((

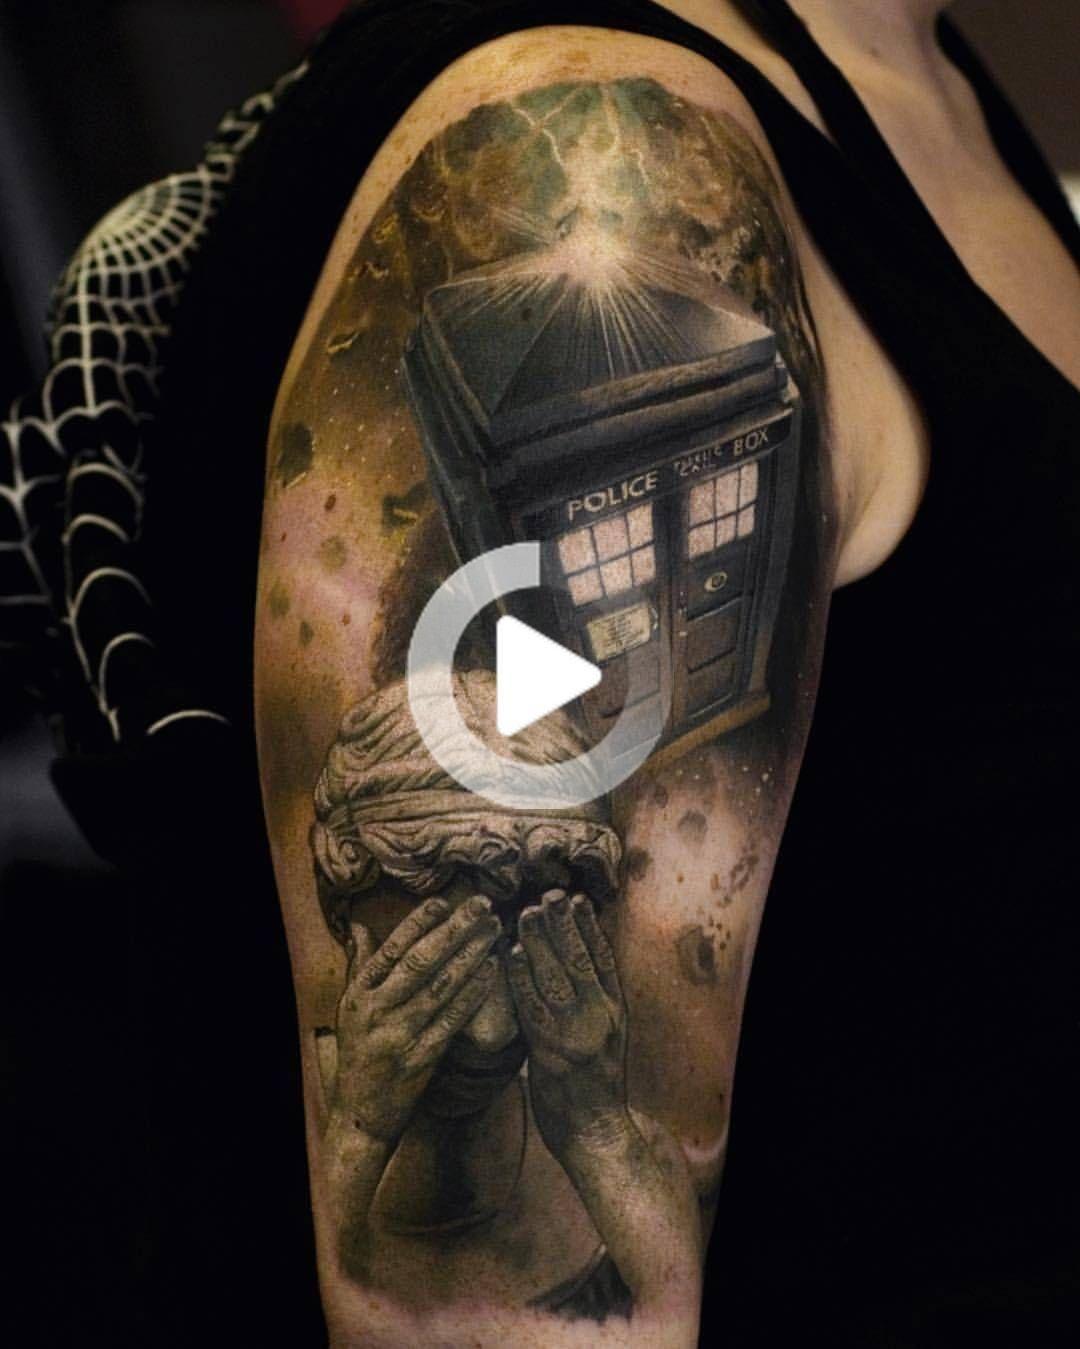 Doctor Who Manicotto Mezzo Del Tatuaggio Tardis Nello Spazio Weeping Angel Da Stefan Tattoos A Blackrainbowta Nel 2020 Tatuaggi Tatuaggi Carini Tatuaggi Doctor Who
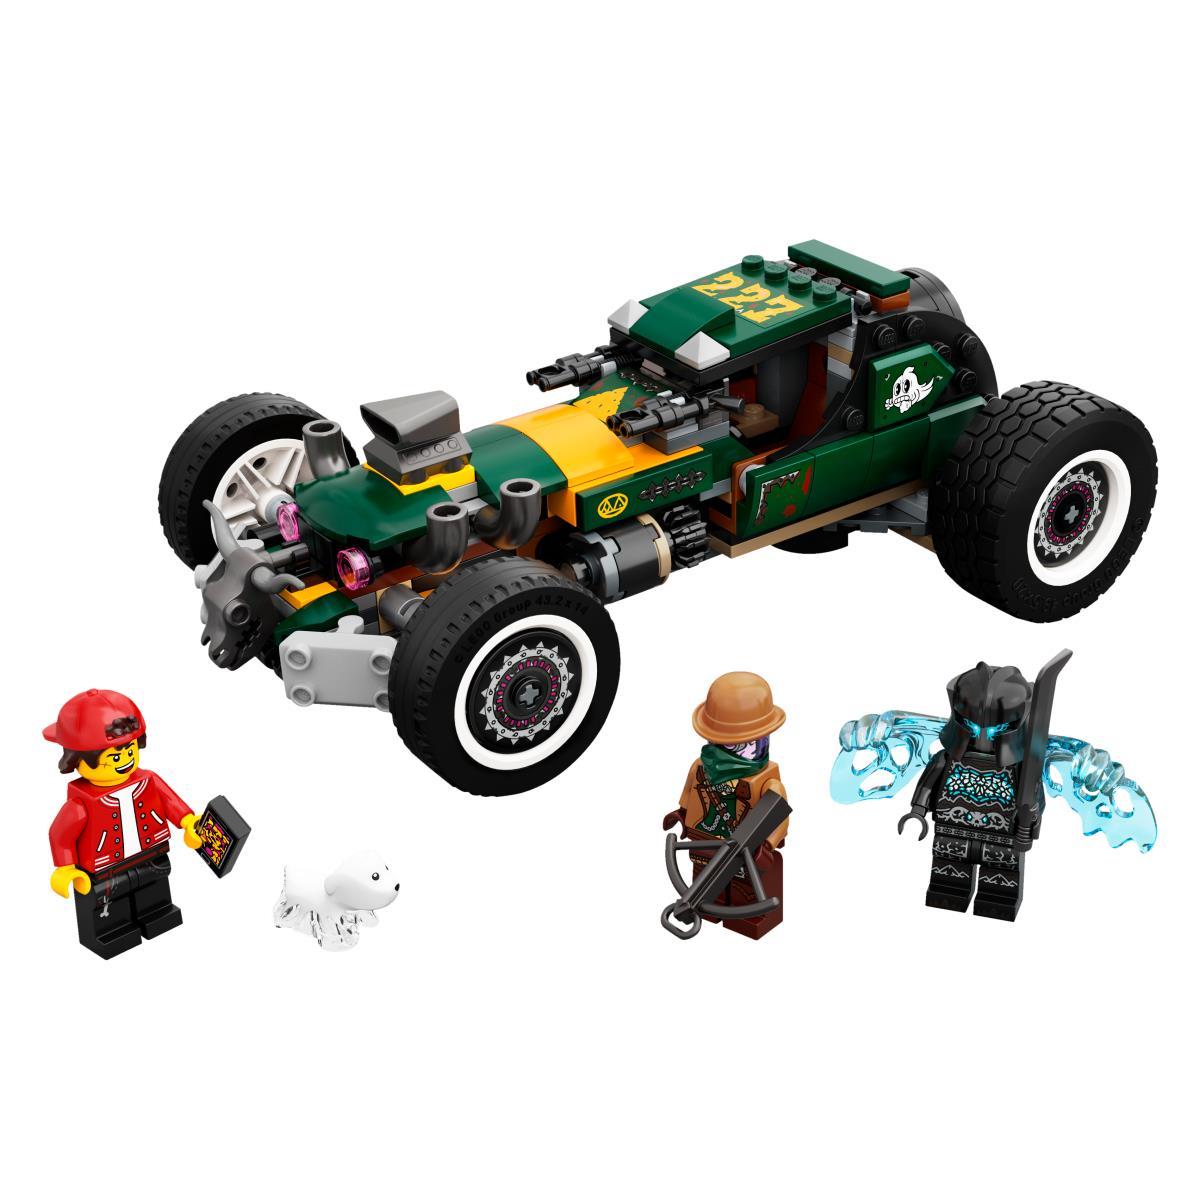 lego-hidden-side-70434-overnaturlig-racerbil (1)
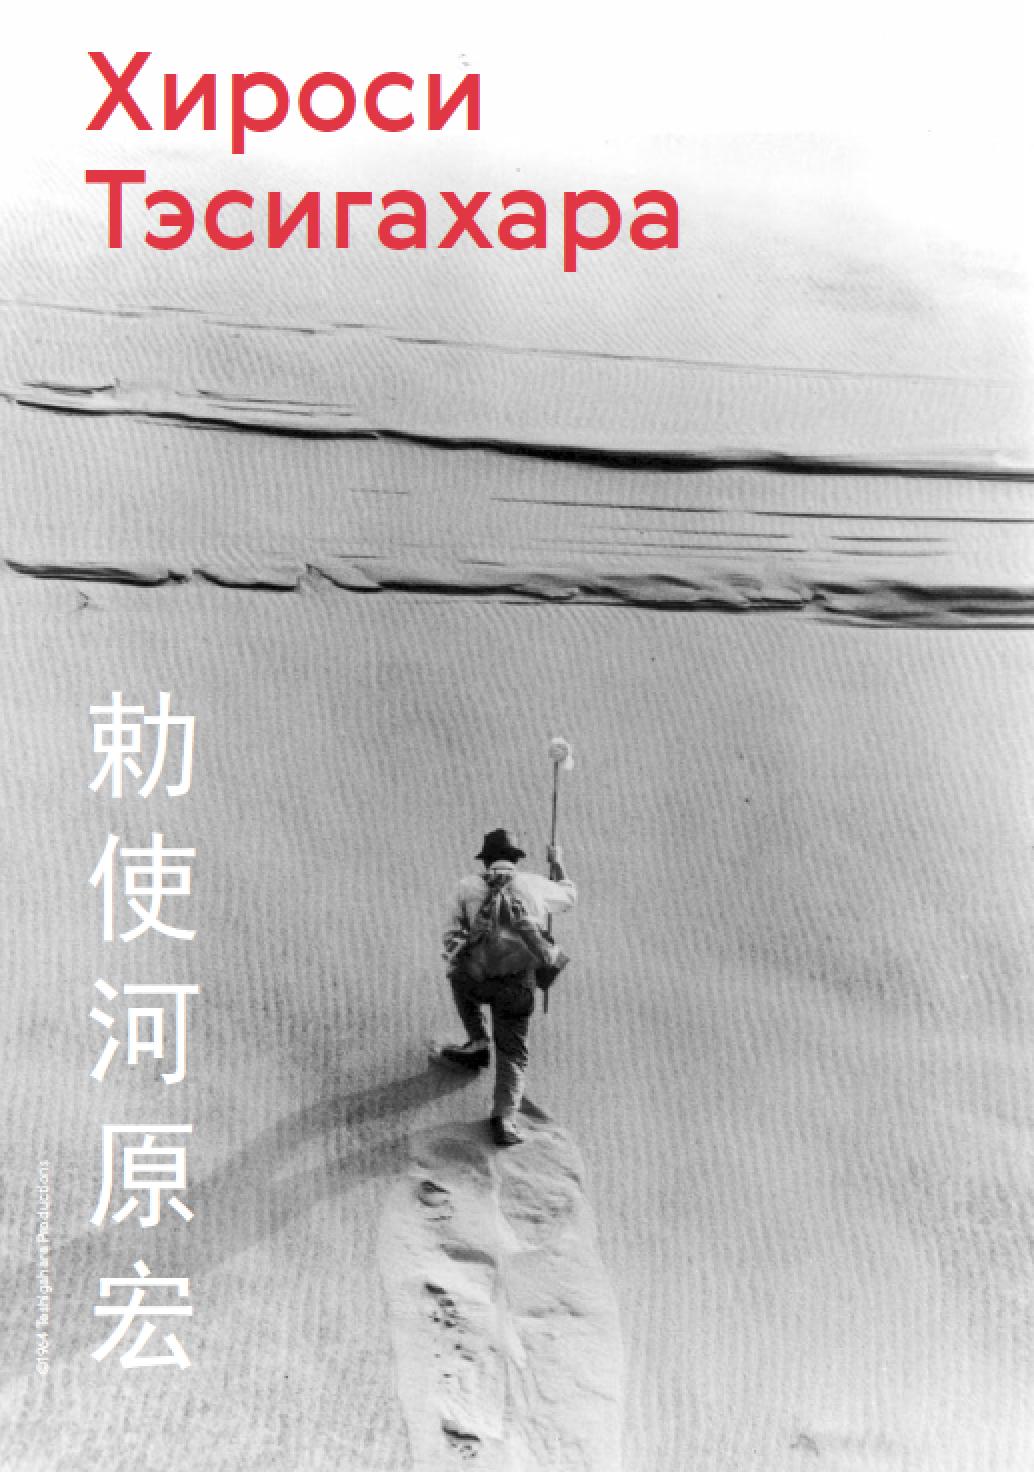 Хироси Тэсигахара
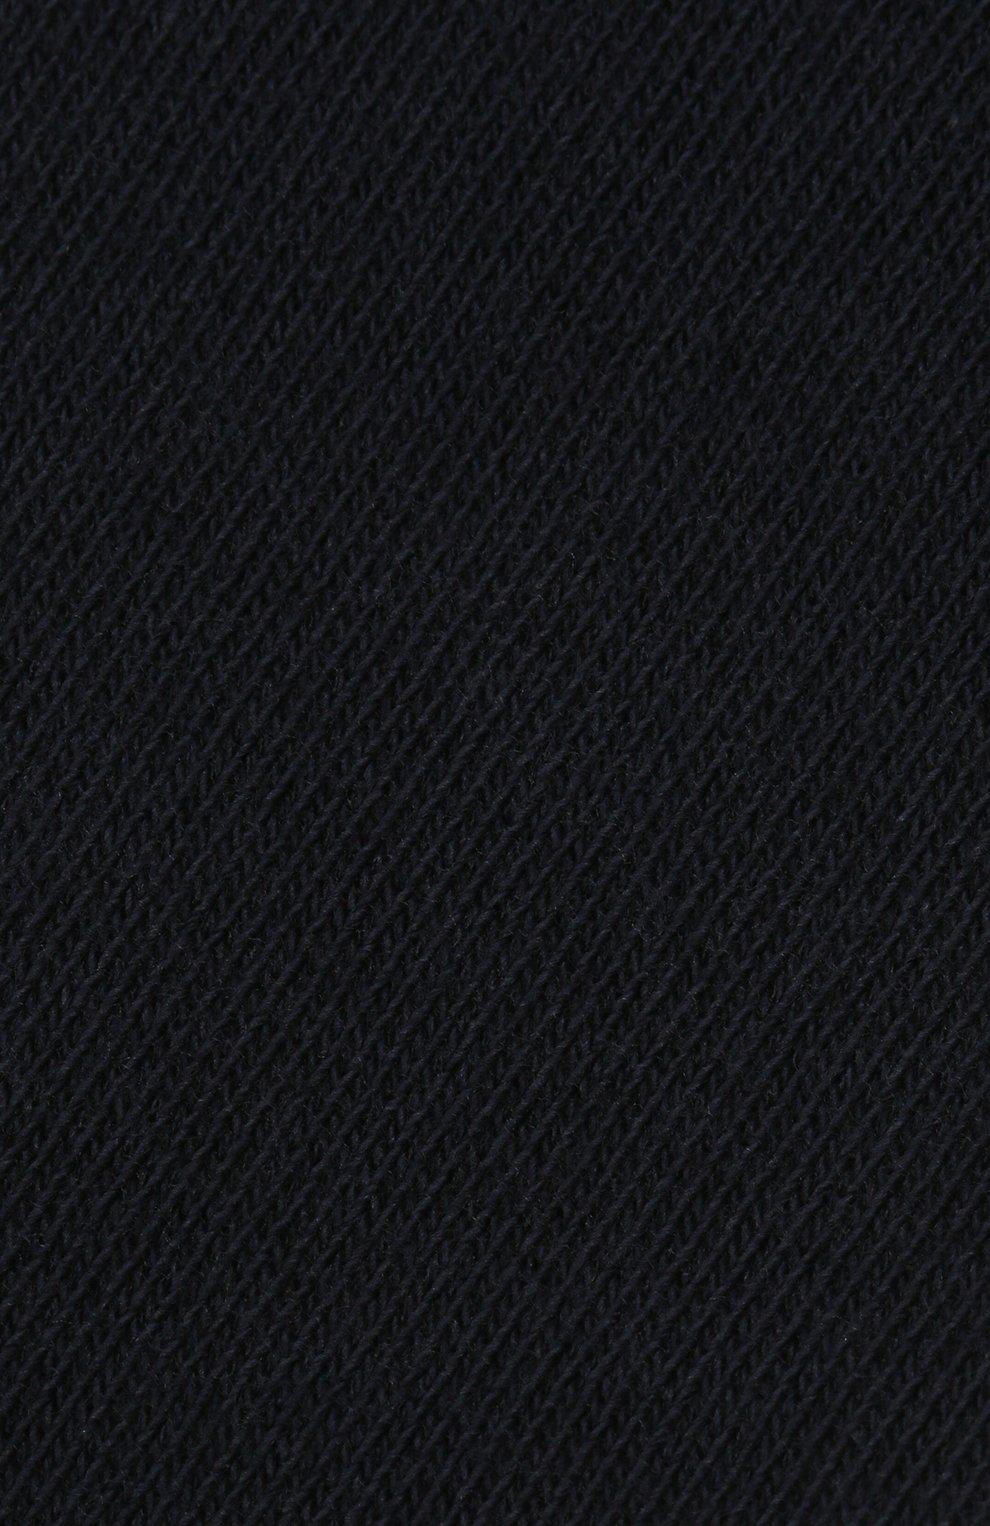 Детские колготки FALKE темно-синего цвета, арт. 13645. | Фото 2 (Материал: Текстиль, Хлопок)
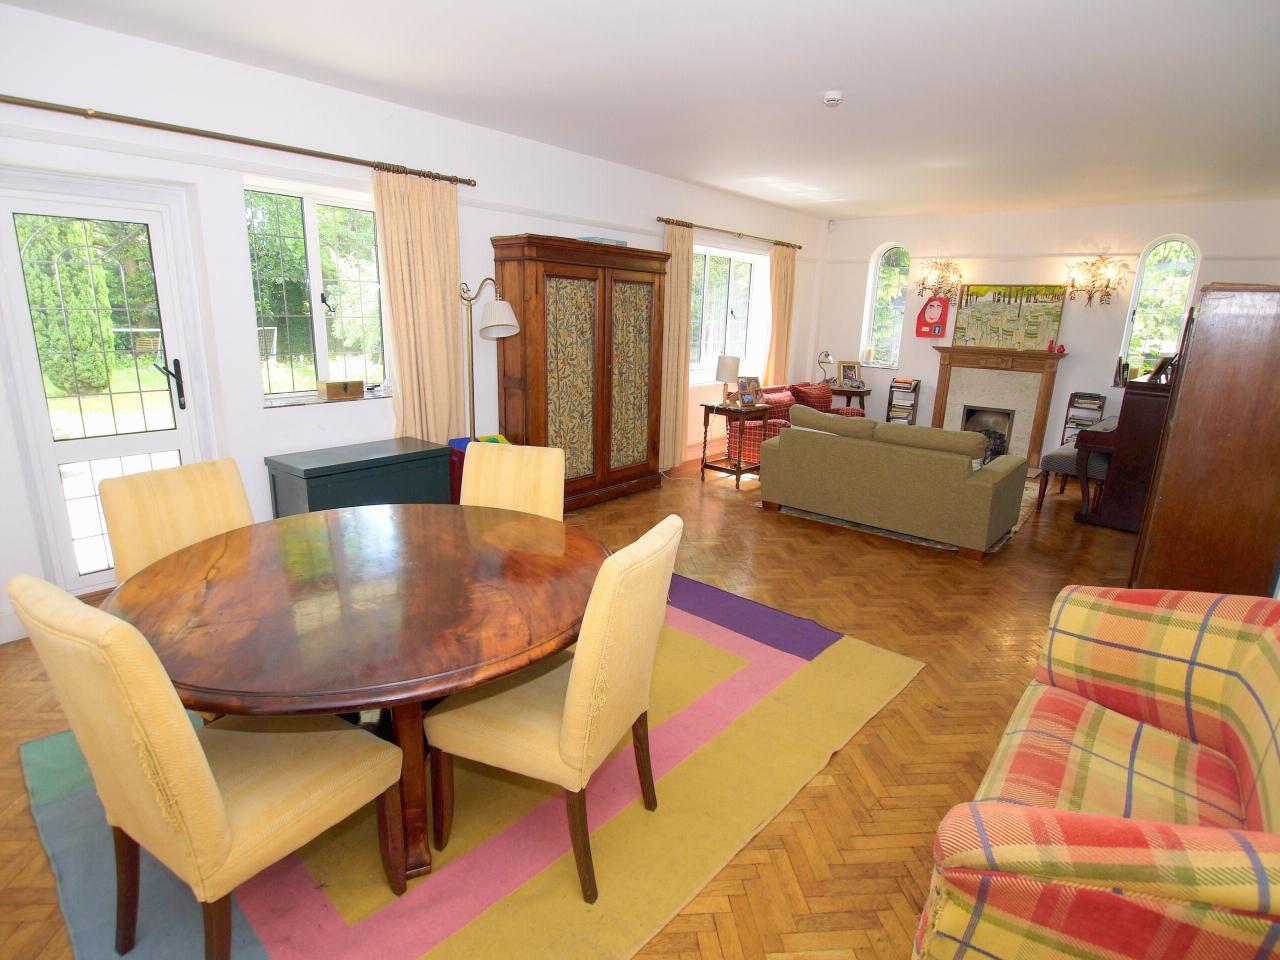 6 bedroom detached house Sold in Sevenoaks - Photograph 2
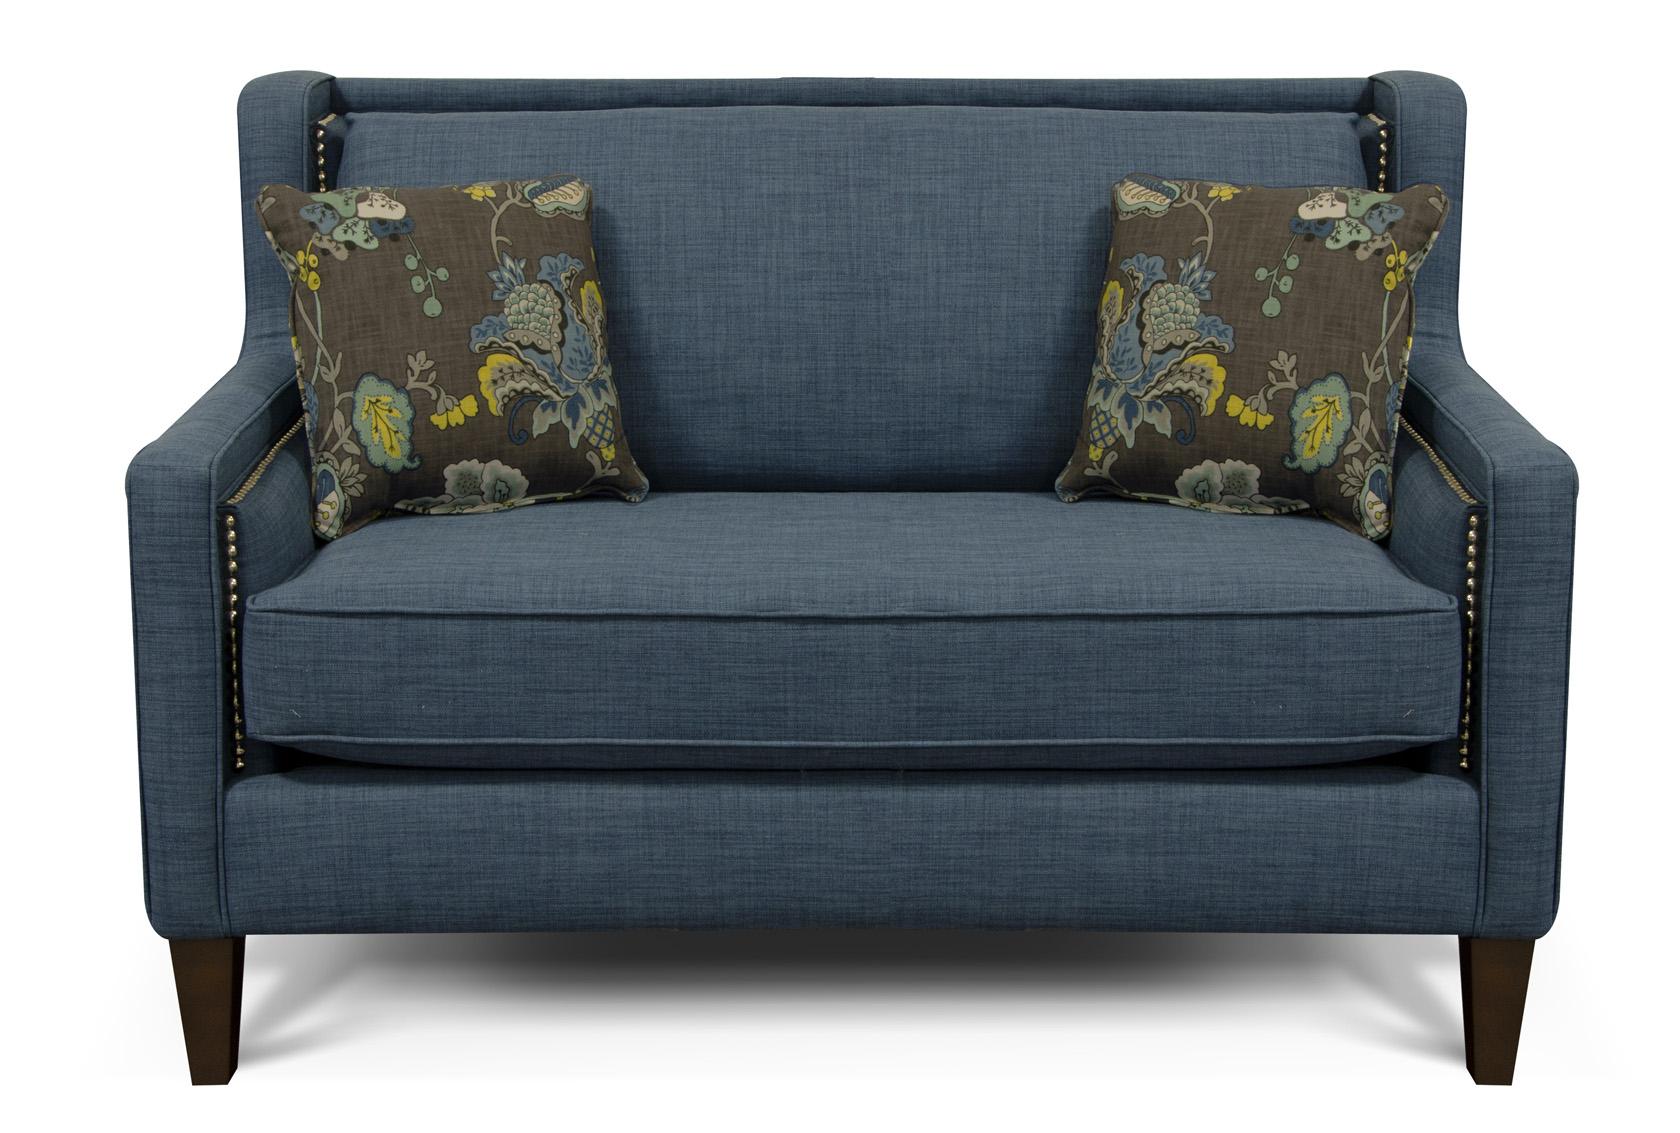 england-furniture-reviews-Roma-Blue-Leopold-Aquamarine-loveseat

))

▶ Problem to work on
Print only the lines from the line that contains "Хироси Тэсигахара" to the final line of the data, inclusive. Pictures stay out.

▶ Result of the task
 Хироси Тэсигахара
 Детские колготки FALKE темно-синего цвета, арт. 13645. | Фото 2 (Материал: Текстиль, Хлопок)
 6 bedroom detached house Sold in Sevenoaks - Photograph 2
 england-furniture-reviews-Roma-Blue-Leopold-Aquamarine-loveseat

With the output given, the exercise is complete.